Na sessão ordinária da Câmara da última terça-feira (18), entrou em pauta o veto integral da prefeita Márcia Moura (PMDB) ao autógrafo da lei nº 2.936, de 14 de julho de 2015, que dispõe sobre as diretrizes para a elaboração e execução da lei orçamentária anual de 2016, e previa a construção de 20 casas no Distrito de Arapuá. A emenda foi proposta pelos vereadores Gilmar Tosta (PT) e Sirlene da Saúde (Pros).

Na mensagem que encaminhou à Câmara, a prefeita argumenta que o veto foi amparado no artigo 29 da Lei Orgânica do Município e por conta de razões como: inconstitucionalidade da emenda parlamentar apresentada, na medida que impõe cumprimento de metas e quantitativos a serem atendidos na execução do orçamento anual de 2016.
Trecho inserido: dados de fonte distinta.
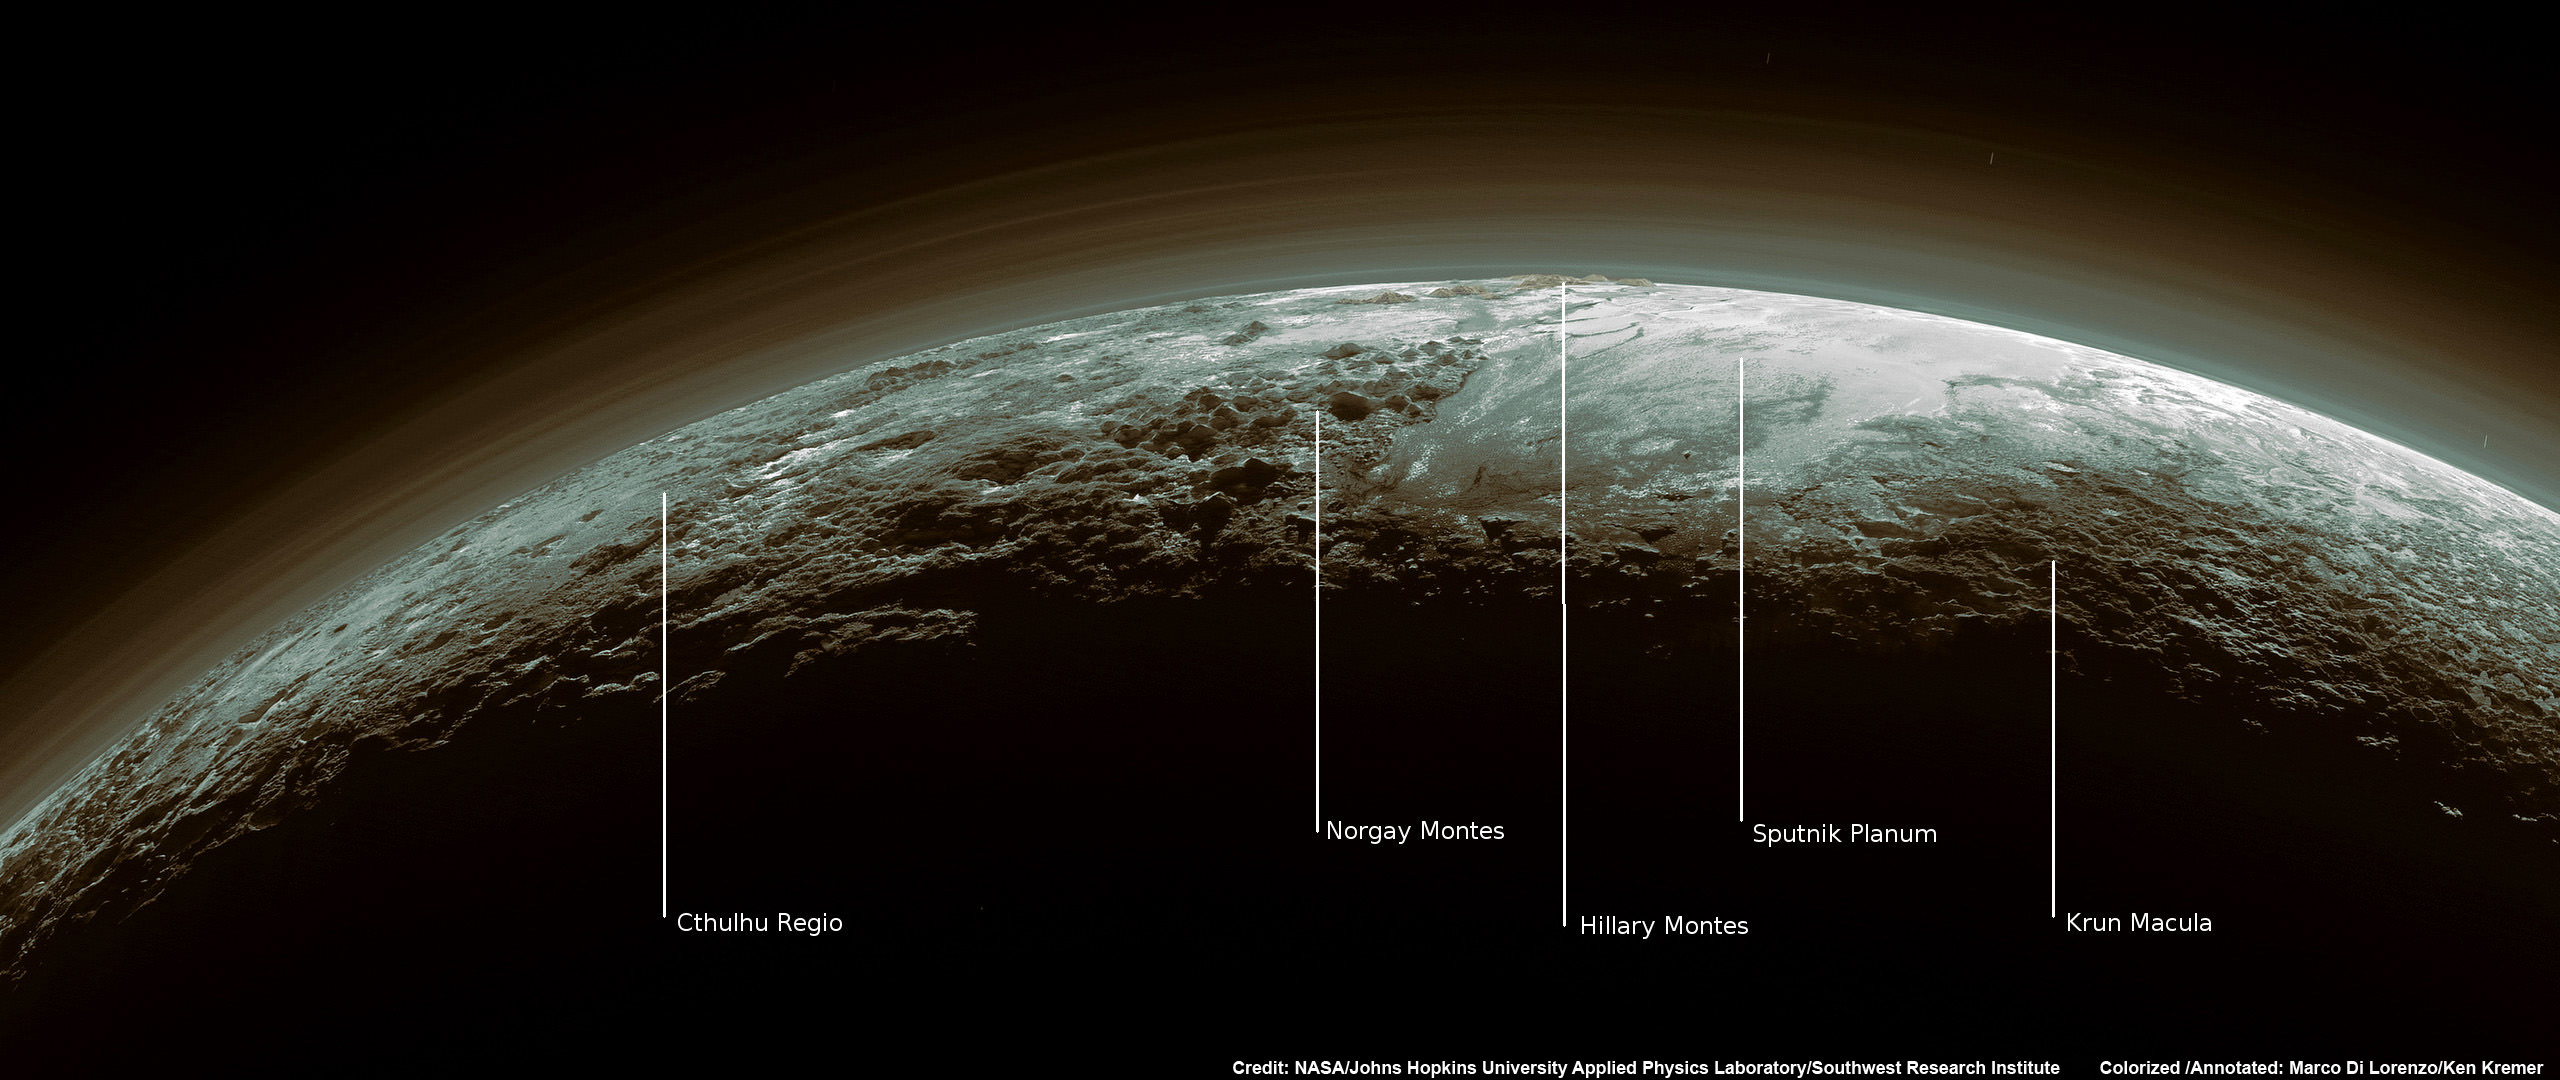 Just 15 minutes after its closest approach to Pluto on July 14, 2015, NASA's New Horizons spacecraft looked back toward the sun and captured this near-sunset view of the rugged, icy mountains and flat ice plains extending to Pluto's horizon - shown in this colorized rendition. The smooth expanse of the informally named icy plain Sputnik Planum (right) is flanked to the west (left) by rugged mountains up to 11,000 feet (3,500 meters) high, including the informally named Norgay Montes in the foreground and Hillary Montes on the skyline. To the right, east of Sputnik, rougher terrain is cut by apparent glaciers. The backlighting highlights more than a dozen layers of haze in Pluto’s tenuous but distended atmosphere. The image was taken from a distance of 11,000 miles (18,000 kilometers) to Pluto; the scene is 780 miles (1,250 kilometers) wide. Credit: NASA/Johns Hopkins University Applied Physics Laboratory/Southwest Research Institute. Colorized/Annotated: Marco Di Lorenzo/Ken Kremer/kenkremer.com

A prefeita cita ainda que o artigo 27, da Lei Orgânica do Município, estabelece que é vedado o aumento de despesas nos projetos de iniciativa exclusiva do prefeito. O veto foi encaminhado para a CCJ.

FOSSA

Passou a tramitar também na Câmara o projeto de lei de nº 89, de autoria da vereadora Marisa Rocha (PSB), que obriga todas as propriedades rurais de Três Lagoas a tratem seus dejetos humanos e que a cidade garanta a implantação de fossas sépticas biodegestoras, nas propriedades familiares.

A proposta entrou em pauta na sessão de ontem da Câmara de Três Lagoas e foi encaminhada para a CCJ (Comissão de Constituição e Justiça), para emissão de parecer.

De acordo com o artigo primeiro do projeto, todas as propriedades rurais deverão tratar seus dejetos humanos, de maneira ambientalmente correta.

No parágrafo único fica definido que no caso de agricultores familiares ou empreendedores rurais, o município garantirá a implantação das fossas sépticas biodigestor, através de Programa Municipal, desenvolvido pela Secretaria Municipal de Meio Ambiente.

A definição desse tipo de fosse é descrita no artigo segundo: entende-se por fossa séptica o sistema de esgoto sanitário para o tratamento das fezes e urinas depositadas nos vasos sanitários das residências, por meio da chamada biodigestão.

O custo da fossa séptica biodigestora é de aproximadamente R$ 1,2 mil, 50% menor que o de uma fossa séptica tradicional usada no meio urbano.